主はニュクスと、アイテールを治める御方。その主がルネ様を養子になされるなら、ルネ様は後々このニュクスとアイテールを背負って立つ御方でありましょう。ルネ様にはそれにふさわしい教養と礼儀、武術を身に着けていただきたく思います」
「マイリーキーさんとベヒモスさんにルネの教育を任せるの?」
マイリーキーとベヒモスが一歩進みでて頭を垂れる。
「私が教養と礼儀をベヒモスが闘いに必要なすべてを教えます」
「マイリーキーさんとベヒモスさん達なら安心だよ。お願いします」
マイリーキーは翔太の言葉に感激し、ベヒモスはただ頭を深く下げる。そして、再度、恭しく一礼し去っていった。
「ルネには今日会える?」
「ルネ様は今日もお休みになられていますが、お会いになりますか?」
ルネは7~8歳程であり、エミーと同じくらいの年齢だ。地球では小学校低学年にもなれば、午後21ではまだ起きていた。だが、ここはアースガルズ大陸だ。地球とは異なり、電気が未発達。加えて、ルネは平民の孤児であり、ランプも燃料代がかかり使っていたとは思えない。暗くなれば寝ていたと予測される。午後21時に起きているはずもない。
「いや、いいよ。もう21時だしね。確かに子供には遅い時間だろうさ。明日からは暗くなる前に必ず来るよ。

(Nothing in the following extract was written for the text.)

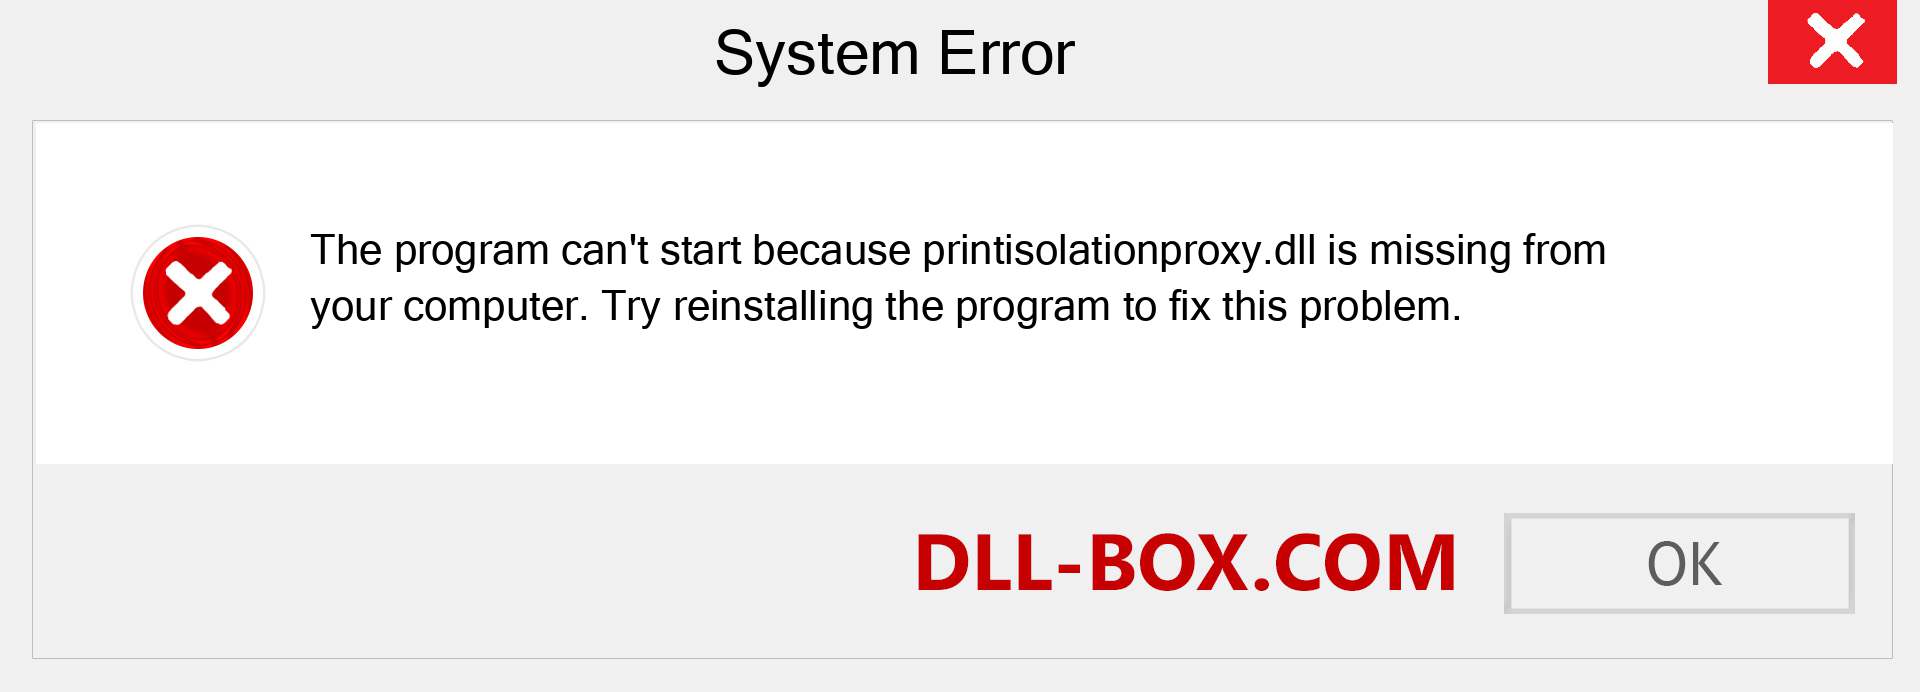  printisolationproxy.dll file is missing?. Download for Windows 7, 8, 10 - Fix  printisolationproxy dll Missing Error on Windows, photos, images

あと、4日後にビフレスト王国のエルバートさんがニュクスを訪問したいそうなんで、その受入れ体制をお願い。失礼のないようにね」
「承りました。趣向を凝らして御持て成しをさせていただきます」
テューポはかなりやる気だ。少しやり過ぎないか心配となる。別にやり過ぎてもマイナスになるわけではないから構いはしないのだが……。
「ありがとう。
そうだ。僕に《錬金術》の工房を作ってほしいんだ。出来れば《調理》の厨房も。お願いできる?」
「勿論でございます。主よ」
「ありがとう。でも別に急がなくてもいいよ。最後に、医学書と、法律の本が僕のスマホにダウンロードされてたよね。その写しってもらえる?」
「暫しのお待ちを!」
テューポはそう答えると姿を消した。医学書は後々その知識が役に立つかもしれないと思ったからであり、法学書はエルドベルグの改革に使えると思ったからだ。法学を学ぶのは貴族達に対する一種の報復である。
「お待たせいたしました。主よ。どうぞこれを!」
てっきり書物の束を渡されるのかと思ったが、渡されたのは白いタブレットだった。こんなものもあるのかと受け取りながらも呆れる翔太。
「ありがとう。これマジで助かるよ。じゃあ、僕はそろそろいく。明日もよろしくね」
「イエス・ユア・マジェスティ!」
右手を胸に当てるテューポに挨拶をして、ゲートをくぐりエルドベルグの宿屋キャメロンまで戻る。